__What to produce__: Transcribe the full listing with no word altered.

__Available data__:
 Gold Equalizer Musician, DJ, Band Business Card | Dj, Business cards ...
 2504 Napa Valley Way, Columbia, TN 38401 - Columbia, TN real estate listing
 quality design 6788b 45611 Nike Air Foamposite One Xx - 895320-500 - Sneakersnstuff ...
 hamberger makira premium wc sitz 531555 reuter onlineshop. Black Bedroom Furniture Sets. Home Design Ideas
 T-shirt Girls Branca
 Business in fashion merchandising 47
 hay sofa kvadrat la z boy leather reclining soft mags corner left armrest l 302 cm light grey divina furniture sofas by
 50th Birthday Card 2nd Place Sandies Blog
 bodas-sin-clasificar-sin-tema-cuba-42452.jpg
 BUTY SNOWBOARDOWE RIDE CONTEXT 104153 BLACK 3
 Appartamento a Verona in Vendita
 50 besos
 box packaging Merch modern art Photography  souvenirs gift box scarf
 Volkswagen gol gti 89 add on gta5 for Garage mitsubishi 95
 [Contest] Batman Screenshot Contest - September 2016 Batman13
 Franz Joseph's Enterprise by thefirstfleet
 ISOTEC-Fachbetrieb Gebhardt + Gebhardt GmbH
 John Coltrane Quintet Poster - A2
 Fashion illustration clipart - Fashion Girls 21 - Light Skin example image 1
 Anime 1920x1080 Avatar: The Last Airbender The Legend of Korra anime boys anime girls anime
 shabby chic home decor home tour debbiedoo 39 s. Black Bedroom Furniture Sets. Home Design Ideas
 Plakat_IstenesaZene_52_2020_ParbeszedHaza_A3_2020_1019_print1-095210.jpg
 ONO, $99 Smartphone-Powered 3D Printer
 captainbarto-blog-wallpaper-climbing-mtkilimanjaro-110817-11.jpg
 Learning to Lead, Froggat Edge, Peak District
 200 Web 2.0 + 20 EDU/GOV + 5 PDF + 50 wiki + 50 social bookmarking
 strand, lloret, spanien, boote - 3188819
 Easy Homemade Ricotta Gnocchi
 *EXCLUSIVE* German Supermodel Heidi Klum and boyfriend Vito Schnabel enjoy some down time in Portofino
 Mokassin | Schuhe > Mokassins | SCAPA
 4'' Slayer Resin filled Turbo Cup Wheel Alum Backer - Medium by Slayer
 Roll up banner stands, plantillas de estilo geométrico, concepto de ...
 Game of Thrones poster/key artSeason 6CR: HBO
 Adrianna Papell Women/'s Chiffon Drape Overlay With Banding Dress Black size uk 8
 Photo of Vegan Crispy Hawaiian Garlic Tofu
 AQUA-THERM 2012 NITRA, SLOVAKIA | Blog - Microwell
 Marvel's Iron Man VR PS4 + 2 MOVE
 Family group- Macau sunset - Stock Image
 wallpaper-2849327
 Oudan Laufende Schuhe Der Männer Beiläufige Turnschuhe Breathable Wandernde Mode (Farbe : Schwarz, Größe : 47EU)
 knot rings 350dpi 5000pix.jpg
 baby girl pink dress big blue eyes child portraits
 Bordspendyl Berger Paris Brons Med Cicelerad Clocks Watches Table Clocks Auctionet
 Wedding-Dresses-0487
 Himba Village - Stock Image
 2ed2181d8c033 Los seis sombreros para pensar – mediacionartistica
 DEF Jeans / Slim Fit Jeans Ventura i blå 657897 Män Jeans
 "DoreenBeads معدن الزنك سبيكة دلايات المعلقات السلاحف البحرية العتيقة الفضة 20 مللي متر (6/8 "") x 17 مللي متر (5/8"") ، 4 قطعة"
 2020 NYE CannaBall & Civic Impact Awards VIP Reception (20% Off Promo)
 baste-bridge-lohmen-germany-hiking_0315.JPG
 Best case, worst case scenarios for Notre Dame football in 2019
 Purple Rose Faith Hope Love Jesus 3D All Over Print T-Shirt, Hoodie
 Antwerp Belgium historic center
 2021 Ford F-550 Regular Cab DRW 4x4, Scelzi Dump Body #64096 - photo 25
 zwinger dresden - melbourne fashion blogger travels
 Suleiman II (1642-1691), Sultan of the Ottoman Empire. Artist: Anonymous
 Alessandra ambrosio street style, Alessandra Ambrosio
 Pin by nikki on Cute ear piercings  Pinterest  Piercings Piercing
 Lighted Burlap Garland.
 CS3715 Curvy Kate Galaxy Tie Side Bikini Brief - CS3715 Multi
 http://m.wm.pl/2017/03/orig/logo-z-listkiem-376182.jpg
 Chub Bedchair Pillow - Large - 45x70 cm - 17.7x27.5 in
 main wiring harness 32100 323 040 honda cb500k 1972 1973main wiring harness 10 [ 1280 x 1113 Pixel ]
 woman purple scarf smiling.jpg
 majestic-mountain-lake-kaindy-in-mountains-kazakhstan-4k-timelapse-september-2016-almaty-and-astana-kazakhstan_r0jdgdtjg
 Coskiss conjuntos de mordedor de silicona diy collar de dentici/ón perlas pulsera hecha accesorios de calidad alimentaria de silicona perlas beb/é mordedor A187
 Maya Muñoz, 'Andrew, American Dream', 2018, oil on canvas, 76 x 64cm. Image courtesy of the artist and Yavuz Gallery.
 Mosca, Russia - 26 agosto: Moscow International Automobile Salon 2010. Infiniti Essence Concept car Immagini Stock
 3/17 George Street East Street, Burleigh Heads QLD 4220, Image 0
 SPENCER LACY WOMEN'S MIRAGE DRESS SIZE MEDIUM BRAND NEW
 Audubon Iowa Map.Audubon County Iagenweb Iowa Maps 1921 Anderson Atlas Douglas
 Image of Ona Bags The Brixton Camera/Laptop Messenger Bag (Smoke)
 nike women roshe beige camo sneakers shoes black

__Result__:
 Gold Equalizer Musician, DJ, Band Business Card | Dj, Business cards ...
 2504 Napa Valley Way, Columbia, TN 38401 - Columbia, TN real estate listing
 quality design 6788b 45611 Nike Air Foamposite One Xx - 895320-500 - Sneakersnstuff ...
 hamberger makira premium wc sitz 531555 reuter onlineshop. Black Bedroom Furniture Sets. Home Design Ideas
 T-shirt Girls Branca
 Business in fashion merchandising 47
 hay sofa kvadrat la z boy leather reclining soft mags corner left armrest l 302 cm light grey divina furniture sofas by
 50th Birthday Card 2nd Place Sandies Blog
 bodas-sin-clasificar-sin-tema-cuba-42452.jpg
 BUTY SNOWBOARDOWE RIDE CONTEXT 104153 BLACK 3
 Appartamento a Verona in Vendita
 50 besos
 box packaging Merch modern art Photography  souvenirs gift box scarf
 Volkswagen gol gti 89 add on gta5 for Garage mitsubishi 95
 [Contest] Batman Screenshot Contest - September 2016 Batman13
 Franz Joseph's Enterprise by thefirstfleet
 ISOTEC-Fachbetrieb Gebhardt + Gebhardt GmbH
 John Coltrane Quintet Poster - A2
 Fashion illustration clipart - Fashion Girls 21 - Light Skin example image 1
 Anime 1920x1080 Avatar: The Last Airbender The Legend of Korra anime boys anime girls anime
 shabby chic home decor home tour debbiedoo 39 s. Black Bedroom Furniture Sets. Home Design Ideas
 Plakat_IstenesaZene_52_2020_ParbeszedHaza_A3_2020_1019_print1-095210.jpg
 ONO, $99 Smartphone-Powered 3D Printer
 captainbarto-blog-wallpaper-climbing-mtkilimanjaro-110817-11.jpg
 Learning to Lead, Froggat Edge, Peak District
 200 Web 2.0 + 20 EDU/GOV + 5 PDF + 50 wiki + 50 social bookmarking
 strand, lloret, spanien, boote - 3188819
 Easy Homemade Ricotta Gnocchi
 *EXCLUSIVE* German Supermodel Heidi Klum and boyfriend Vito Schnabel enjoy some down time in Portofino
 Mokassin | Schuhe > Mokassins | SCAPA
 4'' Slayer Resin filled Turbo Cup Wheel Alum Backer - Medium by Slayer
 Roll up banner stands, plantillas de estilo geométrico, concepto de ...
 Game of Thrones poster/key artSeason 6CR: HBO
 Adrianna Papell Women/'s Chiffon Drape Overlay With Banding Dress Black size uk 8
 Photo of Vegan Crispy Hawaiian Garlic Tofu
 AQUA-THERM 2012 NITRA, SLOVAKIA | Blog - Microwell
 Marvel's Iron Man VR PS4 + 2 MOVE
 Family group- Macau sunset - Stock Image
 wallpaper-2849327
 Oudan Laufende Schuhe Der Männer Beiläufige Turnschuhe Breathable Wandernde Mode (Farbe : Schwarz, Größe : 47EU)
 knot rings 350dpi 5000pix.jpg
 baby girl pink dress big blue eyes child portraits
 Bordspendyl Berger Paris Brons Med Cicelerad Clocks Watches Table Clocks Auctionet
 Wedding-Dresses-0487
 Himba Village - Stock Image
 2ed2181d8c033 Los seis sombreros para pensar – mediacionartistica
 DEF Jeans / Slim Fit Jeans Ventura i blå 657897 Män Jeans
 "DoreenBeads معدن الزنك سبيكة دلايات المعلقات السلاحف البحرية العتيقة الفضة 20 مللي متر (6/8 "") x 17 مللي متر (5/8"") ، 4 قطعة"
 2020 NYE CannaBall & Civic Impact Awards VIP Reception (20% Off Promo)
 baste-bridge-lohmen-germany-hiking_0315.JPG
 Best case, worst case scenarios for Notre Dame football in 2019
 Purple Rose Faith Hope Love Jesus 3D All Over Print T-Shirt, Hoodie
 Antwerp Belgium historic center
 2021 Ford F-550 Regular Cab DRW 4x4, Scelzi Dump Body #64096 - photo 25
 zwinger dresden - melbourne fashion blogger travels
 Suleiman II (1642-1691), Sultan of the Ottoman Empire. Artist: Anonymous
 Alessandra ambrosio street style, Alessandra Ambrosio
 Pin by nikki on Cute ear piercings  Pinterest  Piercings Piercing
 Lighted Burlap Garland.
 CS3715 Curvy Kate Galaxy Tie Side Bikini Brief - CS3715 Multi
 http://m.wm.pl/2017/03/orig/logo-z-listkiem-376182.jpg
 Chub Bedchair Pillow - Large - 45x70 cm - 17.7x27.5 in
 main wiring harness 32100 323 040 honda cb500k 1972 1973main wiring harness 10 [ 1280 x 1113 Pixel ]
 woman purple scarf smiling.jpg
 majestic-mountain-lake-kaindy-in-mountains-kazakhstan-4k-timelapse-september-2016-almaty-and-astana-kazakhstan_r0jdgdtjg
 Coskiss conjuntos de mordedor de silicona diy collar de dentici/ón perlas pulsera hecha accesorios de calidad alimentaria de silicona perlas beb/é mordedor A187
 Maya Muñoz, 'Andrew, American Dream', 2018, oil on canvas, 76 x 64cm. Image courtesy of the artist and Yavuz Gallery.
 Mosca, Russia - 26 agosto: Moscow International Automobile Salon 2010. Infiniti Essence Concept car Immagini Stock
 3/17 George Street East Street, Burleigh Heads QLD 4220, Image 0
 SPENCER LACY WOMEN'S MIRAGE DRESS SIZE MEDIUM BRAND NEW
 Audubon Iowa Map.Audubon County Iagenweb Iowa Maps 1921 Anderson Atlas Douglas
 Image of Ona Bags The Brixton Camera/Laptop Messenger Bag (Smoke)
 nike women roshe beige camo sneakers shoes black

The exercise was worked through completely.